☕ Java
Fail-Fast vs Fail-Safe
Fail-fast and fail-safe are two competing philosophies for how Java iterators and collections respond to structural modifications made to a collection while it is being iterated. A fail-fast iterator detects concurrent structural modification via a modCount check and immediately throws ConcurrentModificationException, making the bug visible at the point it occurs. A fail-safe iterator (technically: weakly consistent or snapshot-based) either iterates over a copy of the collection or tolerates concurrent modifications without throwing, at the cost of possibly not reflecting the most recent state of the collection. This entry covers the modCount mechanism in full, what counts as a structural modification, the ConcurrentModificationException contract, all standard fail-fast and fail-safe collections, weakly consistent semantics, snapshot semantics, practical consequences for multi-threaded and single-threaded code, and when each approach is appropriate.
The modCount Mechanism and ConcurrentModificationException
Fail-fast behavior is implemented via a modCount (modification count) field maintained by every AbstractList, AbstractMap, and their subclasses. modCount is an int incremented on every structural modification to the collection: add, remove, clear, set in some cases, and any operation that changes the size or restructures the internal storage. A non-structural modification — such as set() on an ArrayList at an existing index — does not increment modCount.
When an iterator is created, it captures the current modCount into its own field, typically named expectedModCount. On every call to next(), remove(), or (for ListIterator) add() and set(), the iterator checks whether the collection's current modCount equals expectedModCount. If they differ, the iterator throws ConcurrentModificationException immediately, regardless of whether the modification was made by another thread or by the same thread outside the iterator.

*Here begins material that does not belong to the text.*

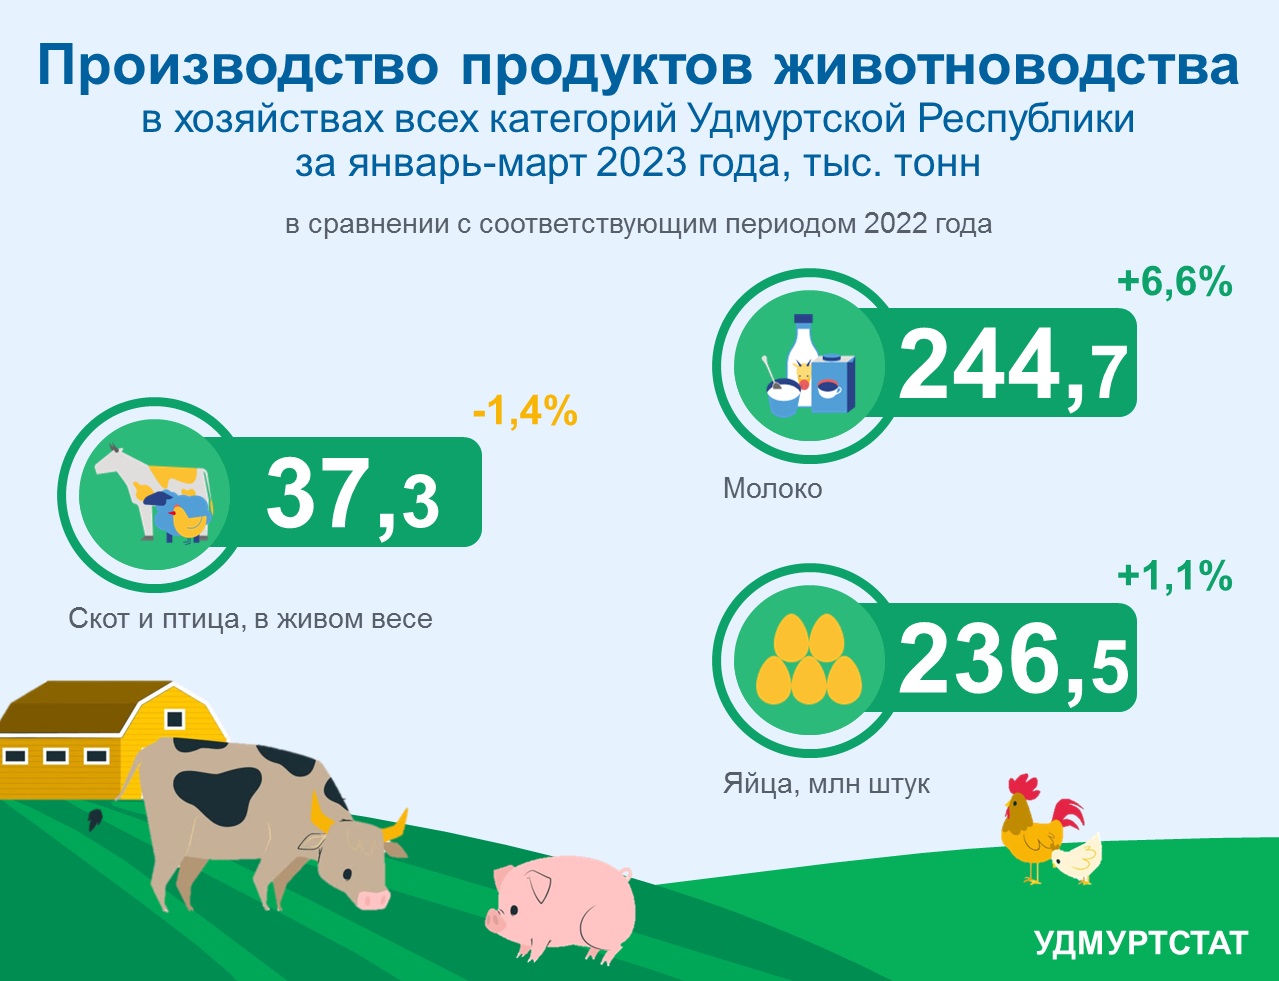 Производство продуктов животноводства в хозяйствах всех категорий УР за январь-март 2023 года.

The contract for ConcurrentModificationException is deliberately best-effort: the Javadoc for Iterator states that fail-fast iterators throw ConcurrentModificationException on a best-effort basis. This means the check is not guaranteed to fire every time a concurrent modification occurs — particularly in multi-threaded scenarios where the modCount write may not be visible to the iterating thread without a happens-before relationship. The check is reliable for single-threaded modifications because all operations occur in the same thread's memory model. For true thread safety, you must use the concurrent collections in java.util.concurrent — fail-fast iterators are not a substitute for synchronization.
What constitutes a structural modification varies by collection. For ArrayList: add(), remove(), clear(), and addAll() are structural; set() is not. For HashMap: put() when adding a new key, remove(), clear(), and rehash (resize) are structural; put() replacing an existing key's value is not structural (but Map.Entry.setValue() is allowed during iteration).
Java
// ── modCount in action — single-threaded CME ─────────────────────────
List<String> list = new ArrayList<>(List.of("a", "b", "c", "d"));
Iterator<String> it = list.iterator(); // captures expectedModCount = 0
it.next(); // OK — modCount == expectedModCount
list.add("e"); // modCount becomes 1
// it.next(); // ConcurrentModificationException — 1 != 0
// ── Safe removal pattern: use iterator's own remove() ─────────────────
List<String> mutable = new ArrayList<>(List.of("alpha", "beta", "gamma", "delta"));
Iterator<String> safeIt = mutable.iterator();
while (safeIt.hasNext()) {
String s = safeIt.next();
if (s.startsWith("b")) {
safeIt.remove(); // increments both modCount AND expectedModCount → safe
}
}
System.out.println(mutable); // [alpha, gamma, delta]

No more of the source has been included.